Wednesday, March 27, 2024

MUSEUM HOPPING IN DOWNTOWN DETROIT

MOTOR CITY WHEELCHAIR MOBILITY


Halfway between Baobab Fare and the Museum of Contemporary Art, at the Warren Avenue QLINE stop, sits the granddaddy of all Detroit’s museums — the Detroit Institute of Arts. 

Spanning over 650,000 square feet and featuring 100 galleries, DIA is one of the largest and most significant art museums in the country. 
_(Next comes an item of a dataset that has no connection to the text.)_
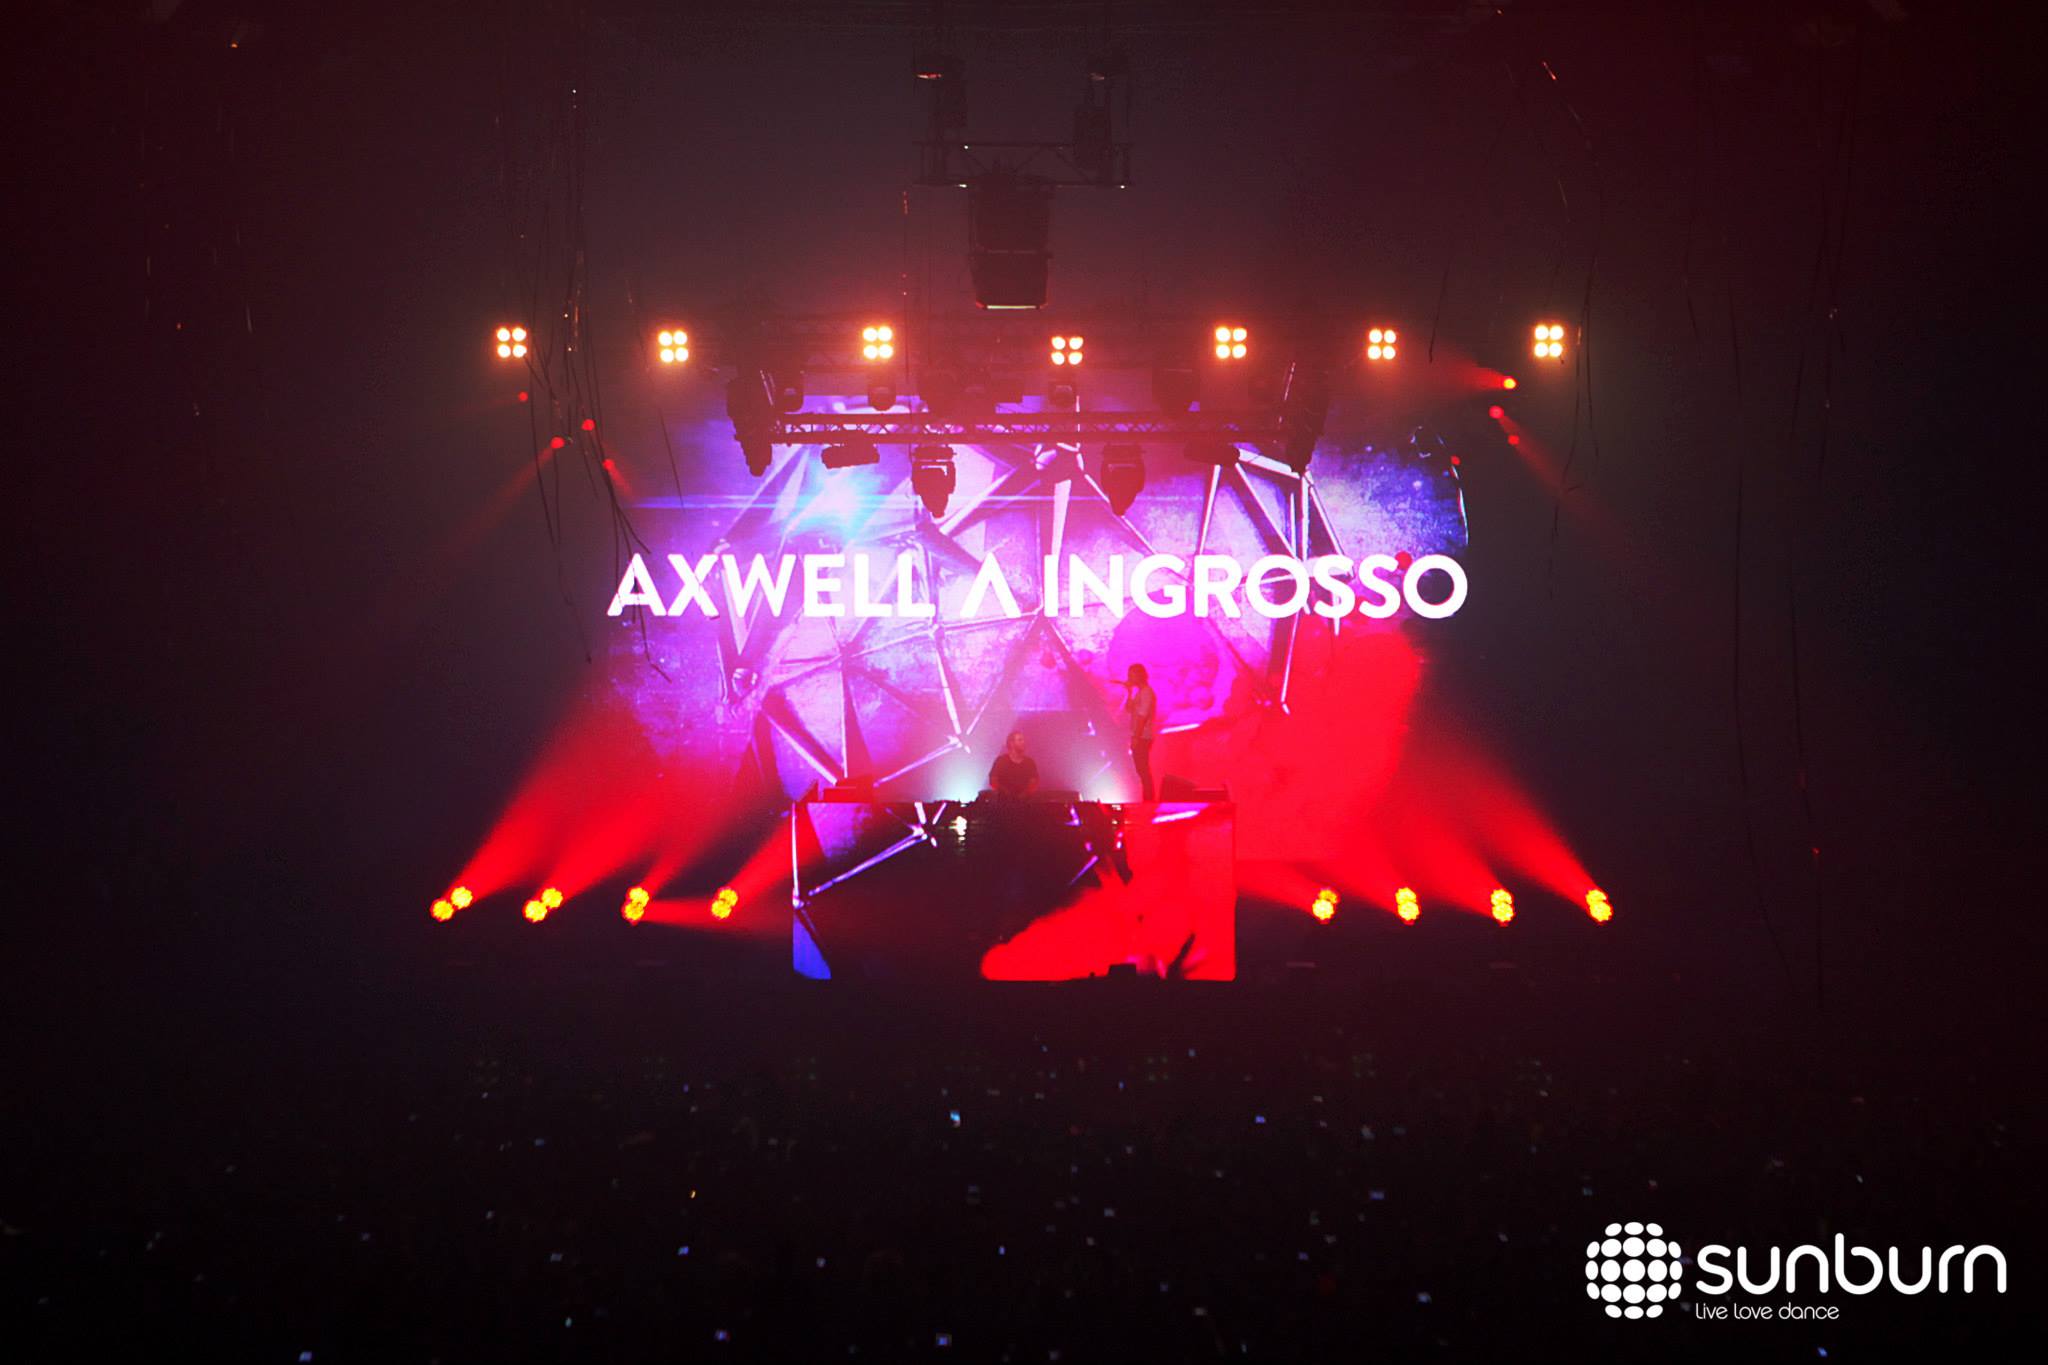 Gig Review: Axwell /\ Ingrosso At Sunburn Arena, Mumbai. The Bangin

The museum is most famous for Diego Rivera’s “Detroit Industry Murals,” a series of frescoes consisting of 27 panels depicting industry at Ford and Detroit. Controversial when completed in 1933, the murals have since been designated a National Historic Landmark in 2014 and were considered by Rivera to have been his most successful work. 

Other highlights include William Randolph Hearst’s armor collection and a massive selection of American art. Both Jaime Junior and Emily Obert praised DIA’s accessibility.

“They have a grand staircase, because that’s what buildings had back then, but the main entrance has been reoriented to a level entrance from the south side of the building,” Obert says of the Neoclassical DIA, opened in 1927.

“There also is free accessible parking close to that entrance off of Farnsworth Street.